What the exercise asks → Nothing but the lines from the one with "How To Make Your Own Drain Cleaner | Kitchn" through the end of the data should be set down, each exactly as written, and no picture should be included.

Dataset excerpt →
■ ■ ■
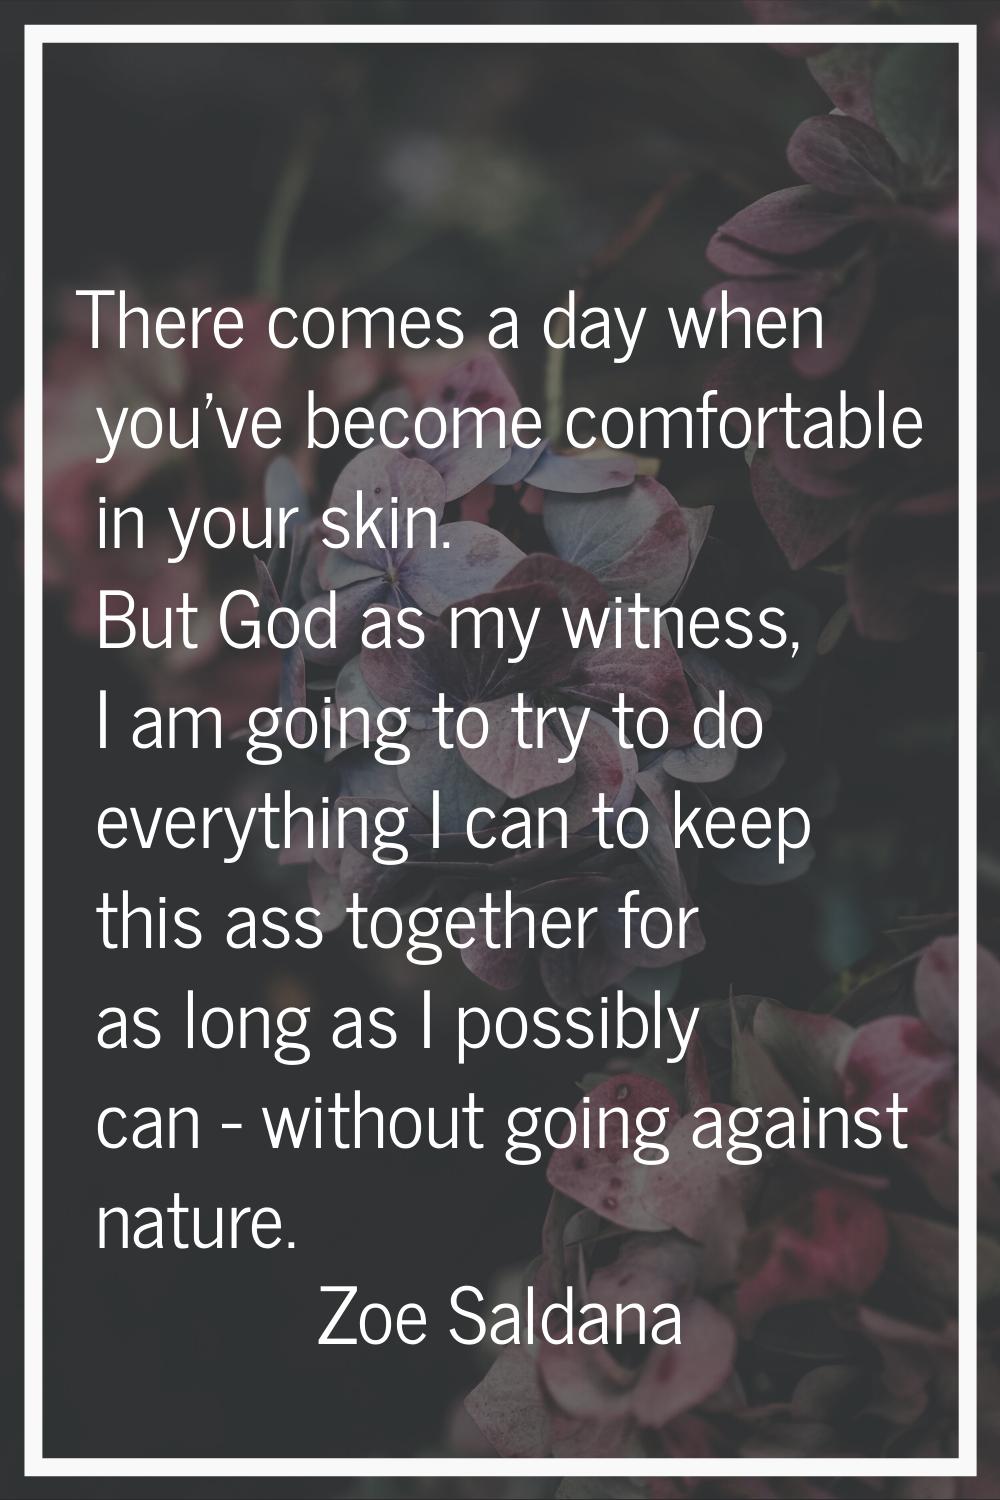 There comes a day when you've become comfortable in your skin. But God as my witness, I am going to
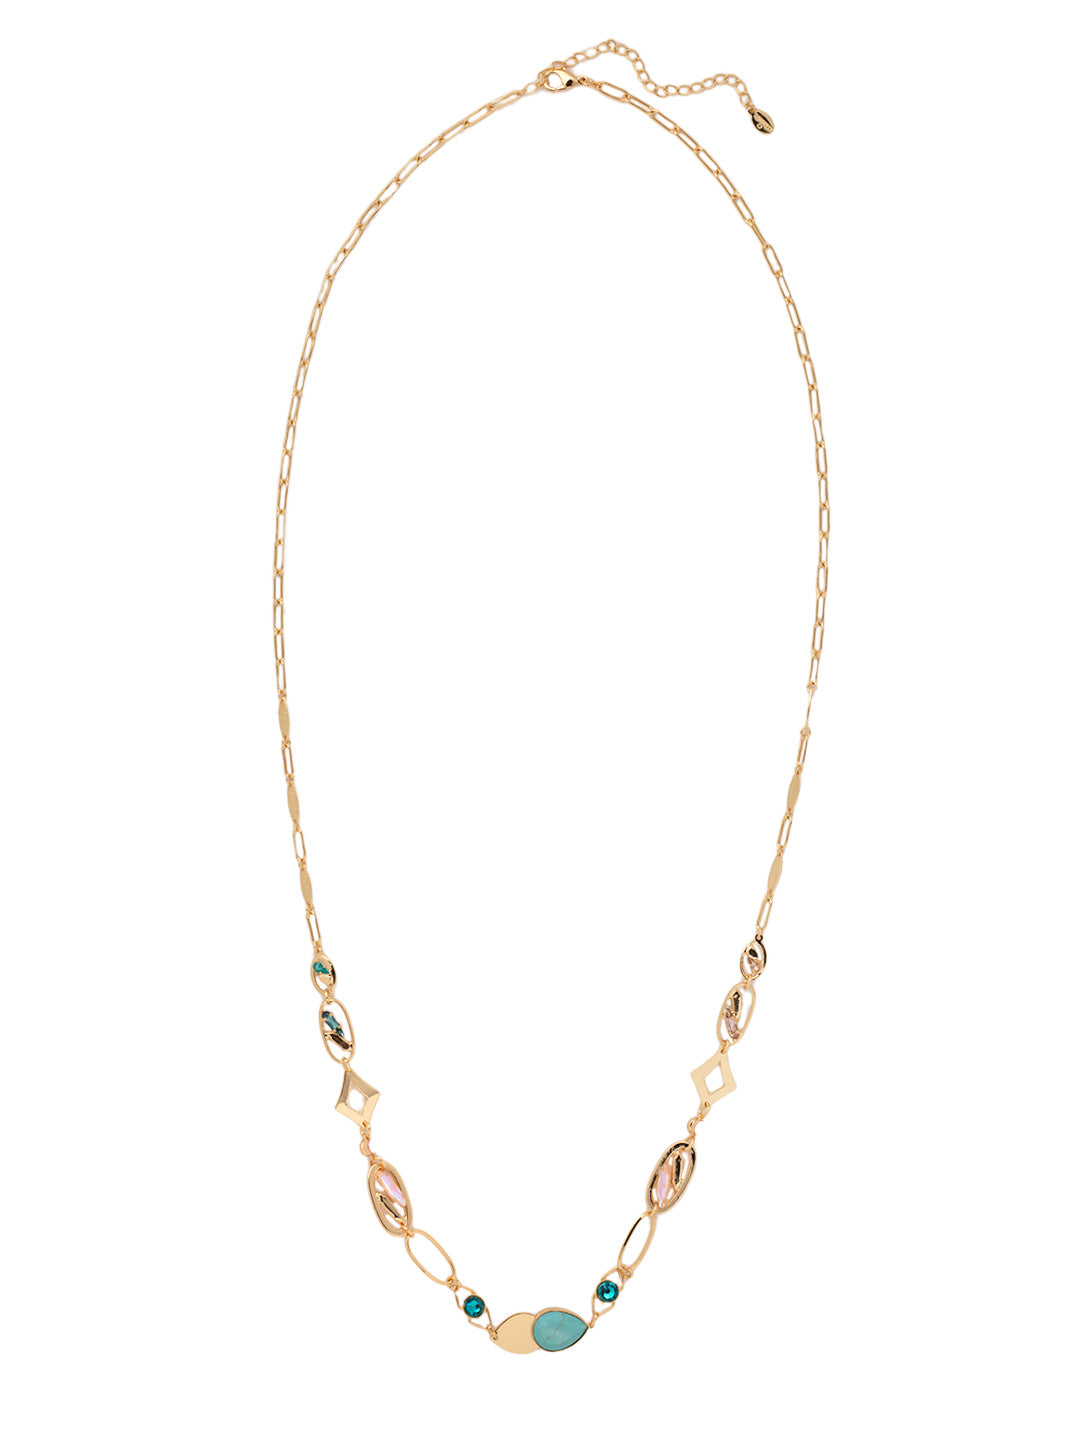 Moira Long Necklace - NEZ4BGSOP - <p>The Moira Long Necklace is a masterpiece of assorted chain links and crystals; crafted to stand out and make a statement. From Sorrelli's South Pacific collection in our Bright Gold-tone finish.</p>
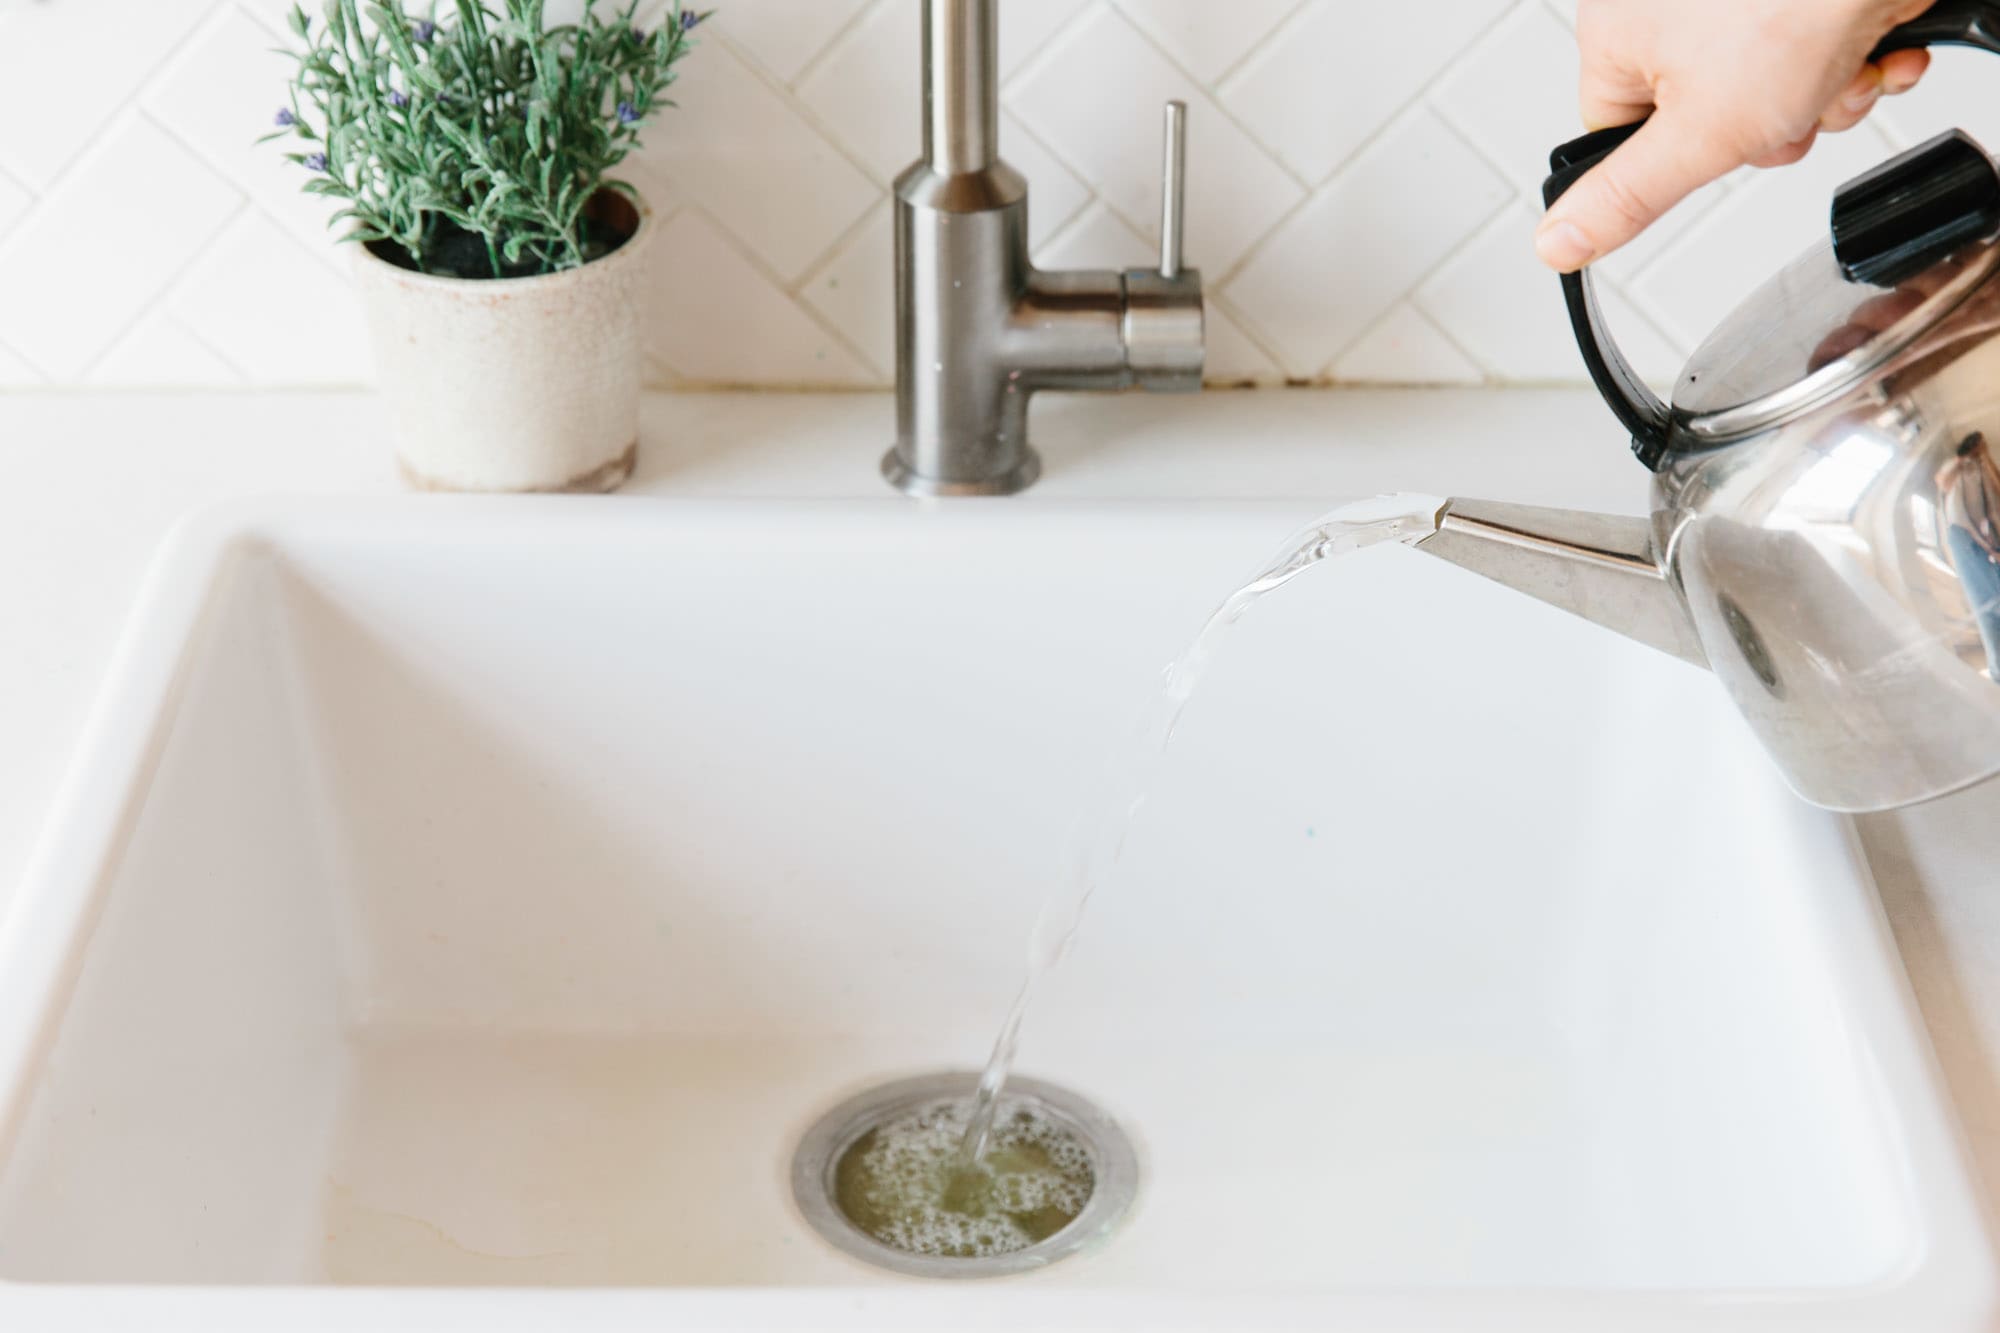 How To Make Your Own Drain Cleaner | Kitchn
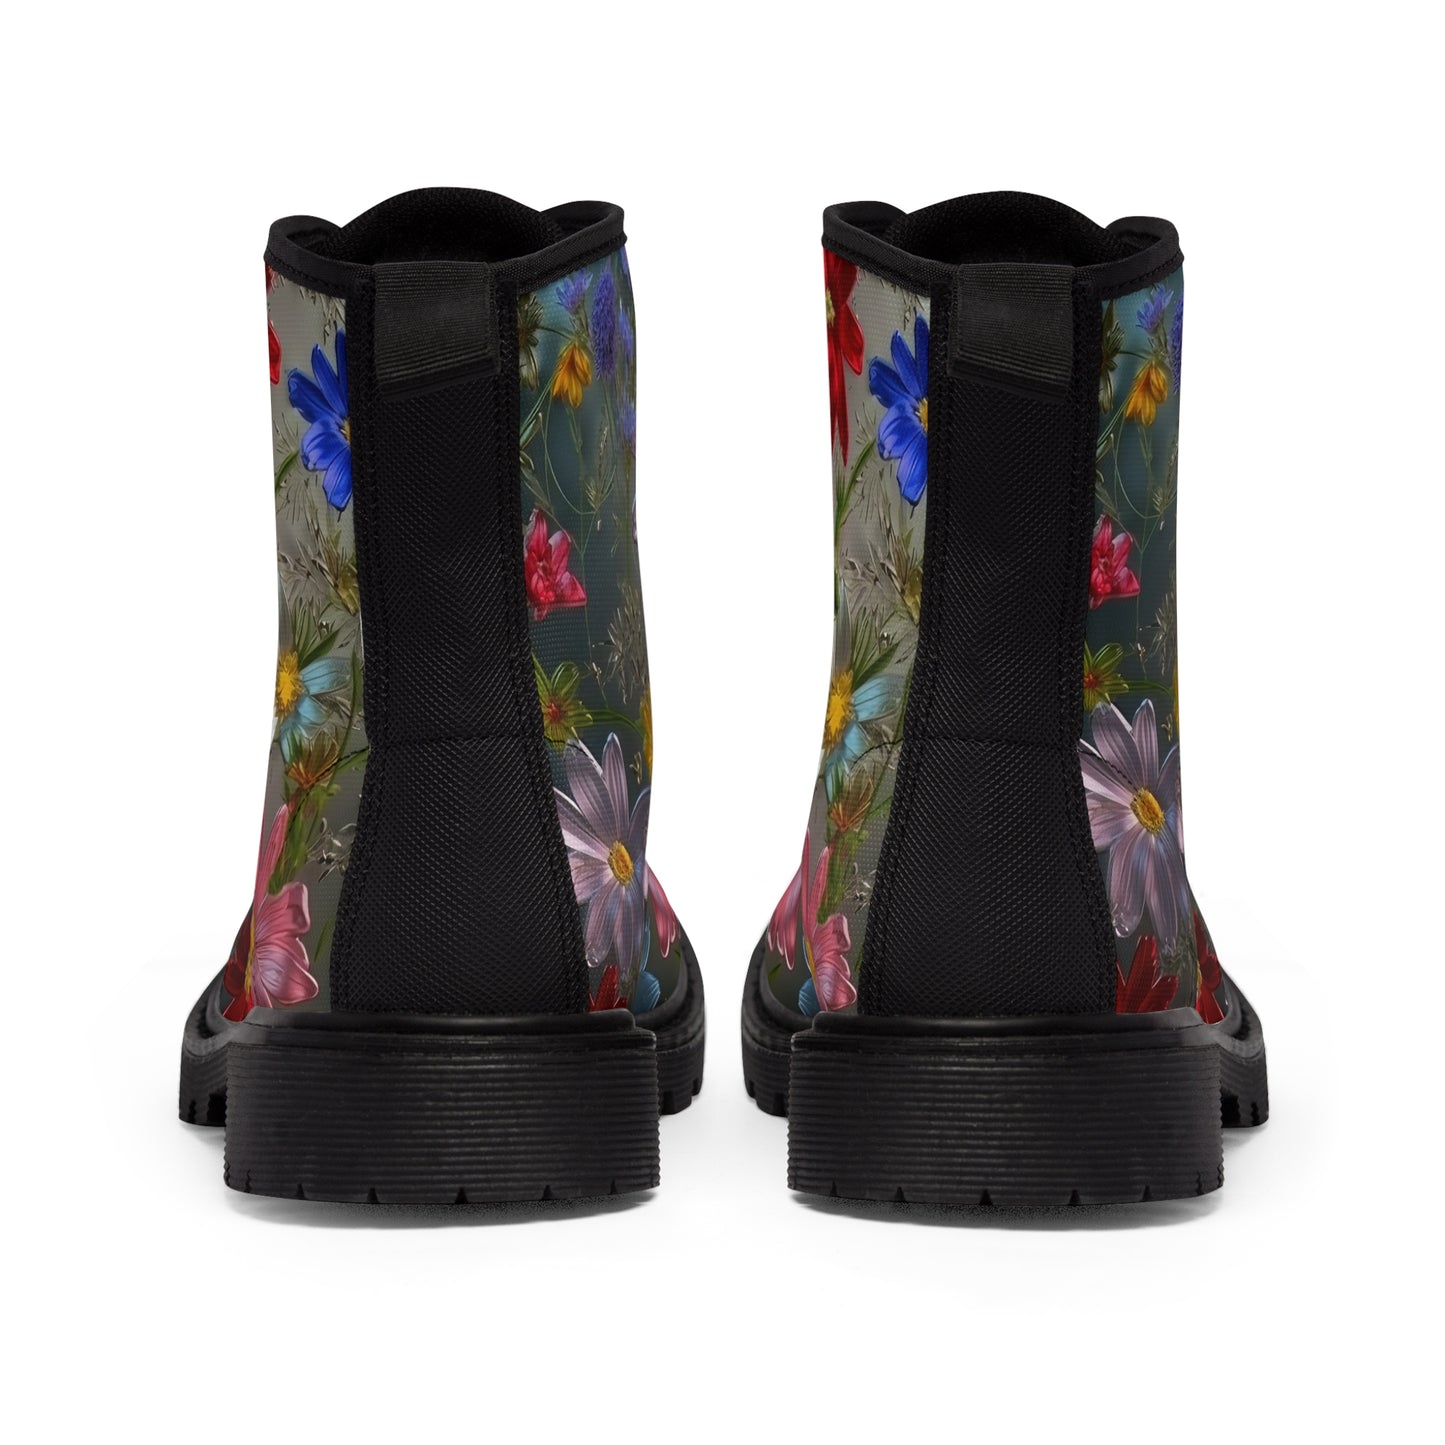 Bold & Beautiful & Metallic Wildflowers, Gorgeous floral Design, Style 6 Women's Canvas Boots
■ ■ ■
Solved problem →
 How To Make Your Own Drain Cleaner | Kitchn
 Bold & Beautiful & Metallic Wildflowers, Gorgeous floral Design, Style 6 Women's Canvas Boots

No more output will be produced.